SIRA fines in Dubai typically range from AED 5,000 to over AED 100,000 depending on the violation. Minor issues like an expired guard card start around AED 5,000, unregistered staff can cost AED 15,000, and operating without a valid SIRA licence risks suspension, licence revocation, and fines exceeding AED 100,000.
Every year, Dubai businesses lose tens of thousands of dirhams to SIRA violations they didn't know existed. An expired guard card, a missing insurance certificate, or an unregistered team member can trigger fines fast, and repeat offences make the bill worse. This guide breaks down the full list of SIRA fines and violations in Dubai, explains how enforcement actually works, and shows you how to stay compliant before an inspection catches you off guard.

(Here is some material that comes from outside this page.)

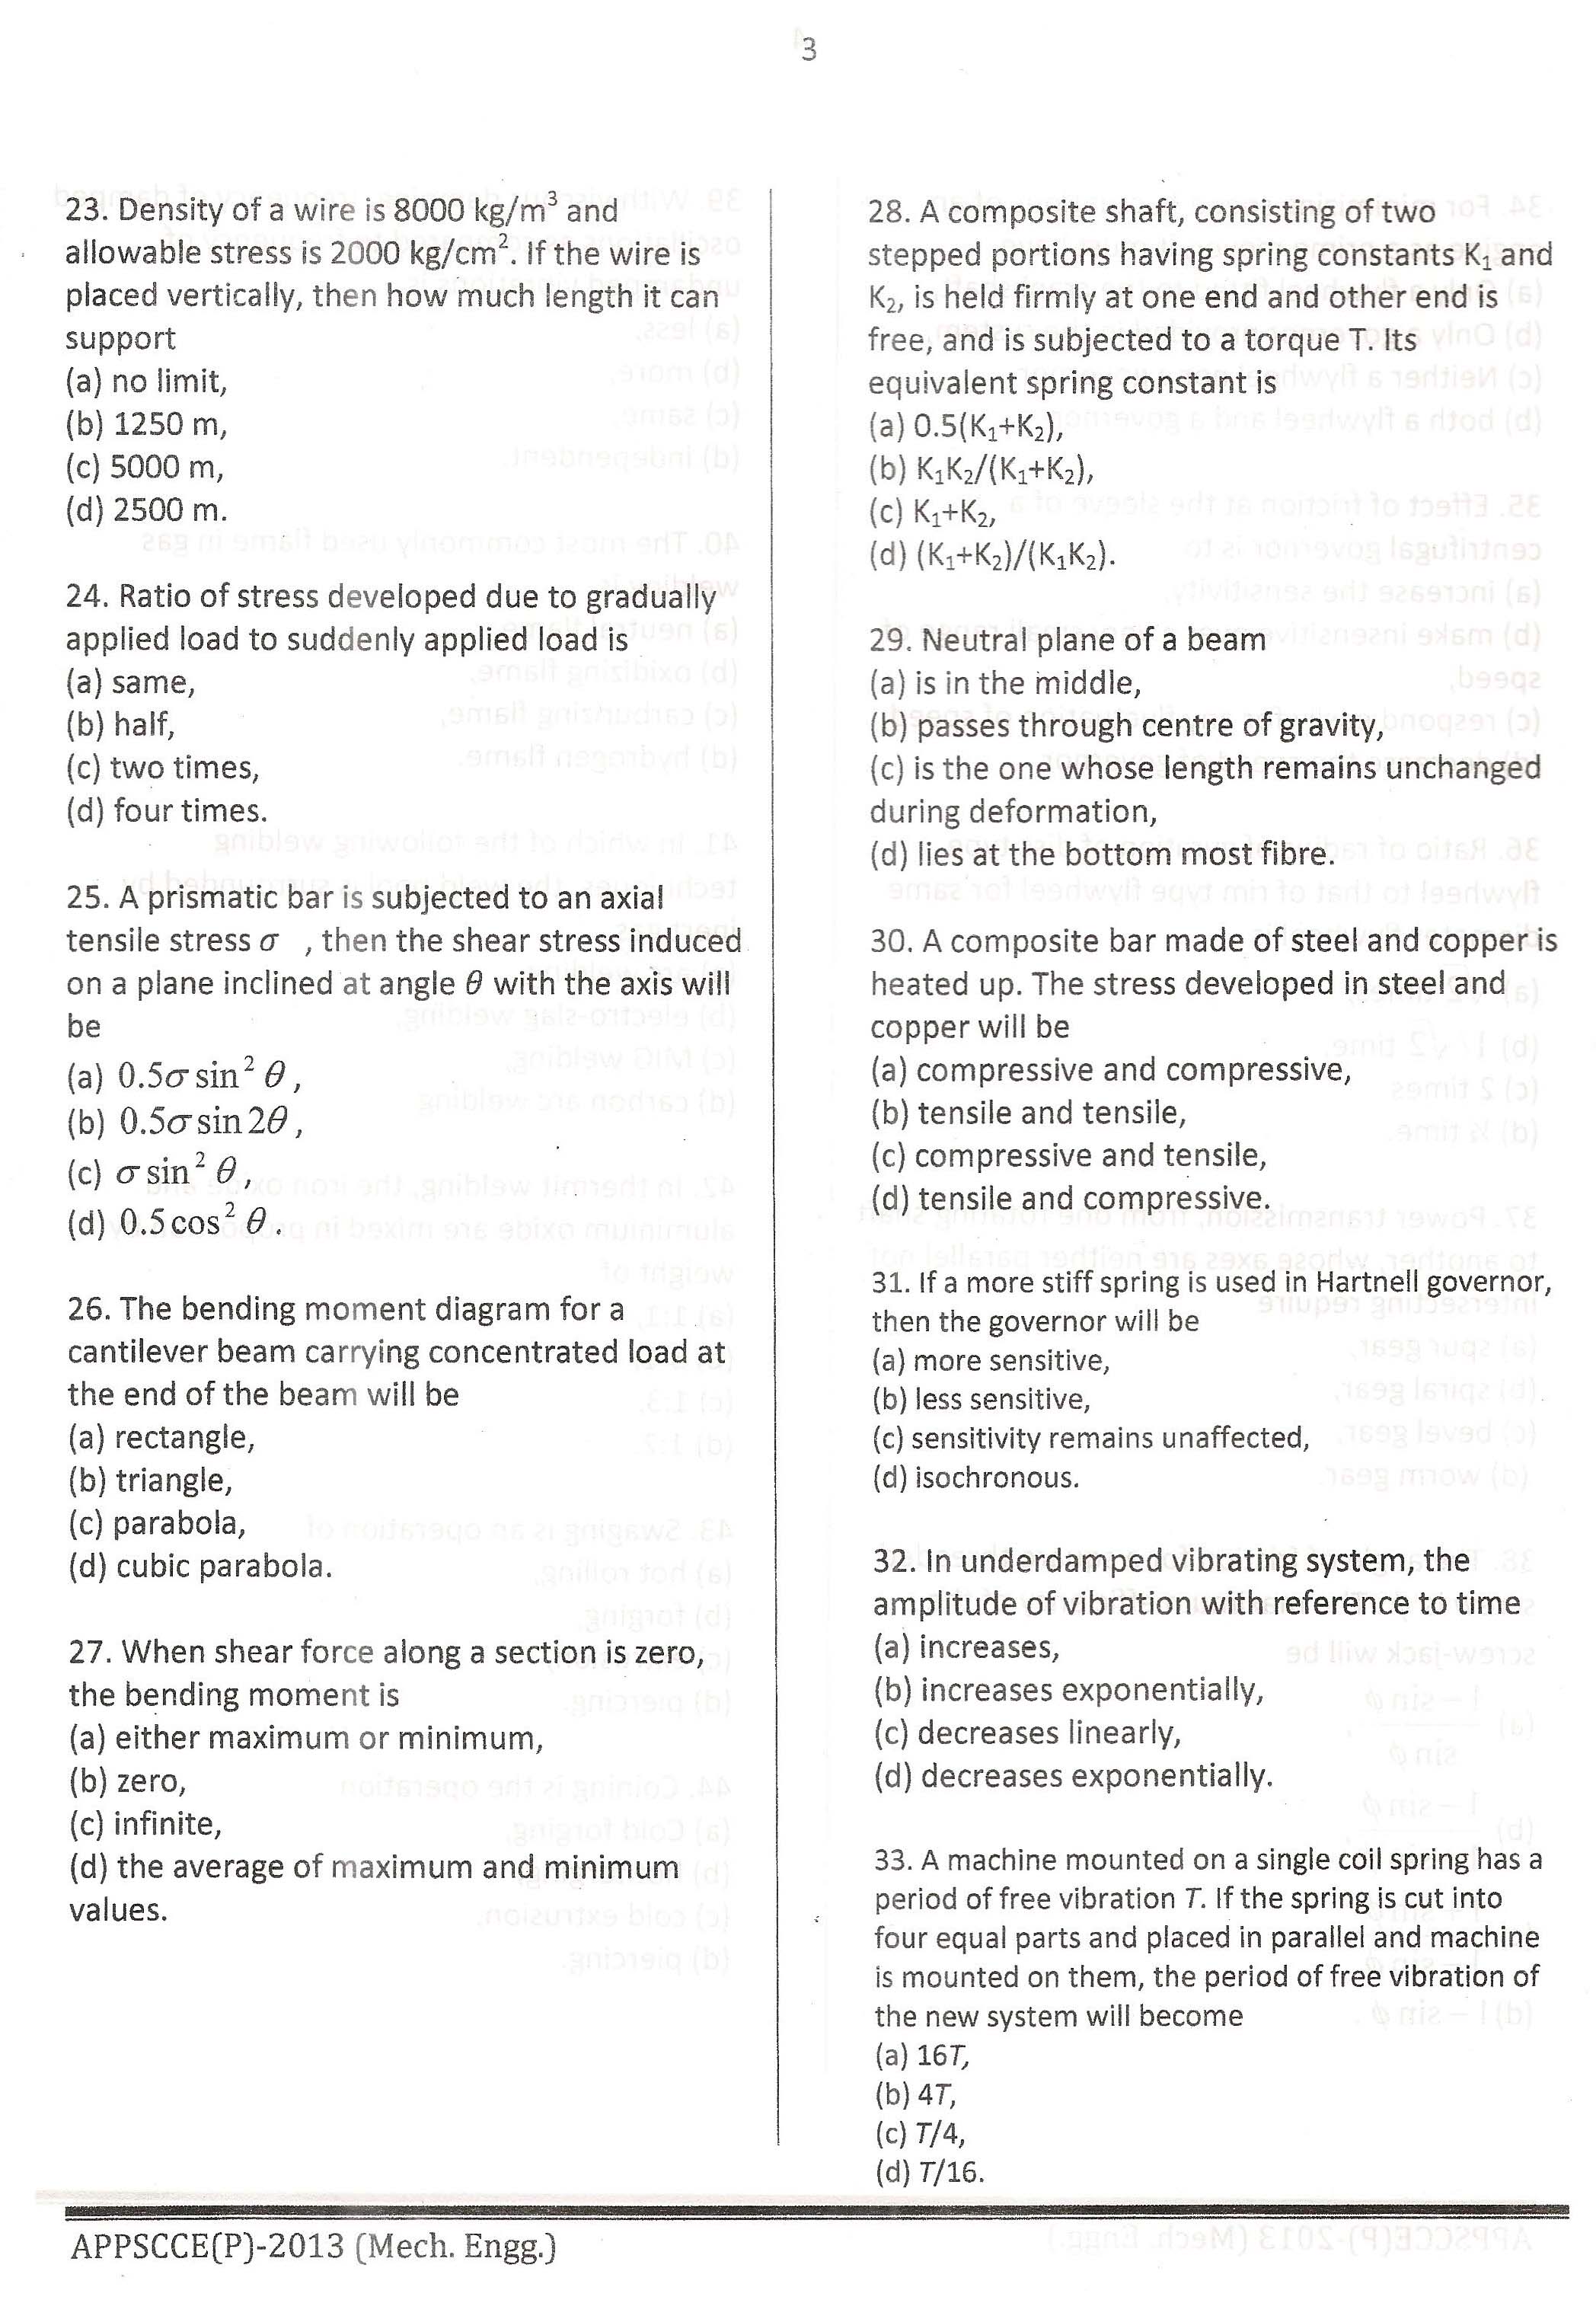 APPSC Combined Competitive Prelims Exam 2013 Mechanical Engineering 4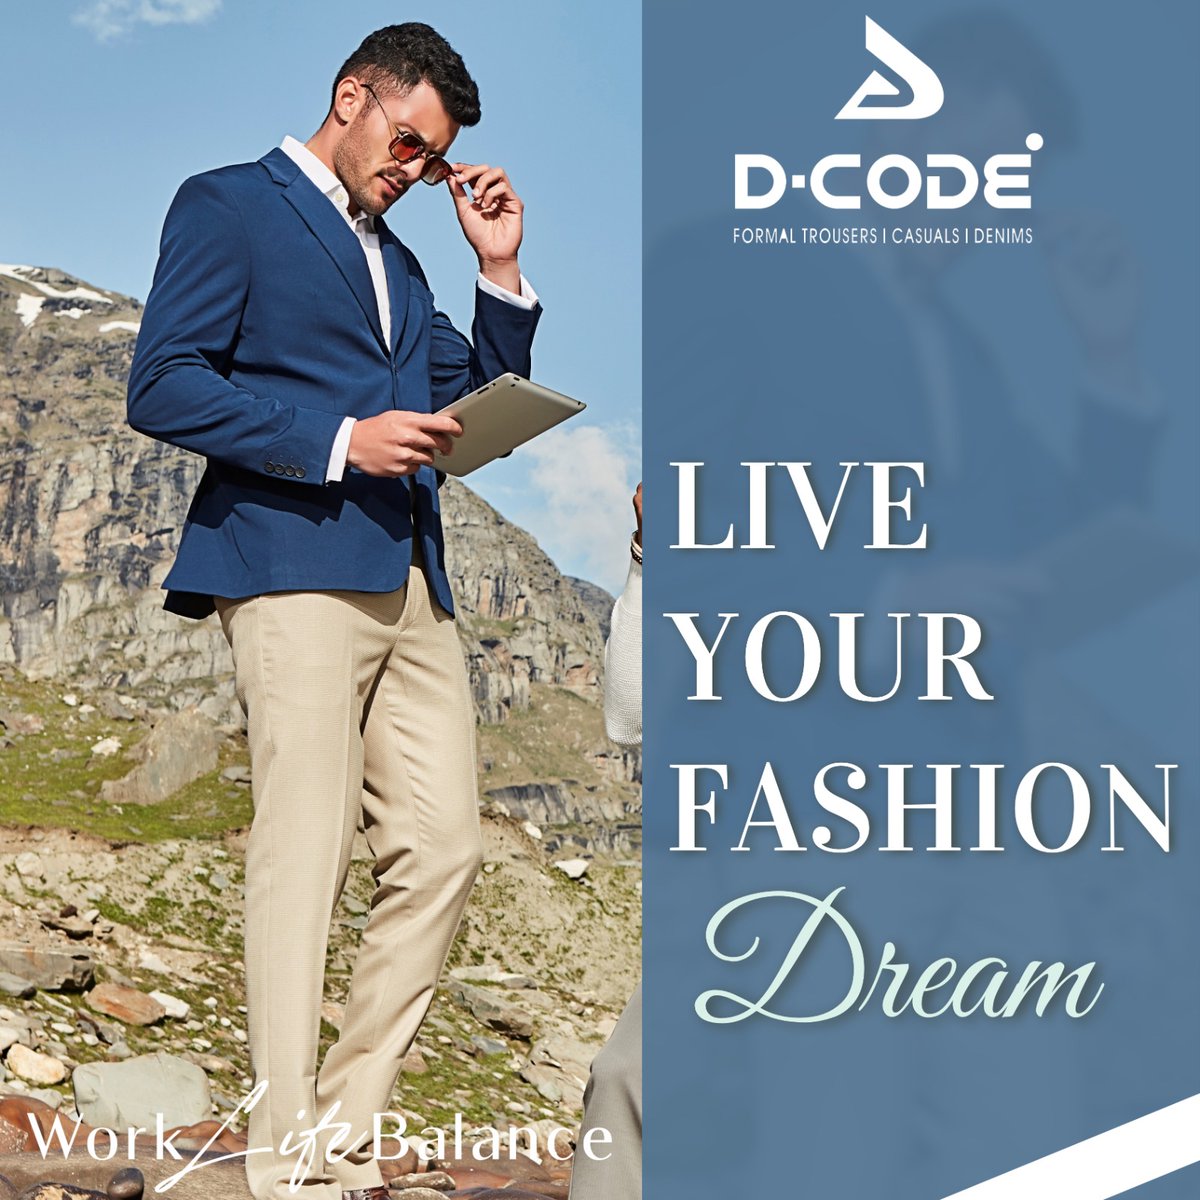 In the pursuit of excellence, well-fitted trousers are non-negotiable. 👔 #MensFashion #DapperGent #CasualElegance #Menswear #FashionForward #ClassicLook #SharpDressedMan #MensStyle #StylishShirts #TimelessFashion #MensWardrobe #dcode

Whether you run a security company, manage a commercial building, or are simply hiring guards for an event or residential compound, understanding these penalties is the first step to avoiding them. We will cover the exact fine ranges by violation type, what triggers a SIRA inspection in the first place, and the practical steps that keep a security operation permanently audit-ready rather than scrambling before every renewal deadline.

What Are SIRA Fines?
SIRA fines are administrative penalties issued by Dubai's Security Industry Regulatory Agency (SIRA) when a security company, guard, or CCTV operator breaches the rules set out under Law No. 12 of 2016 Regulating the Security Industry in the Emirate of Dubai. SIRA is the regulator that licenses every security guard, security company, and CCTV installer operating in Dubai, and it has the authority to inspect, fine, suspend, or shut down non-compliant operators.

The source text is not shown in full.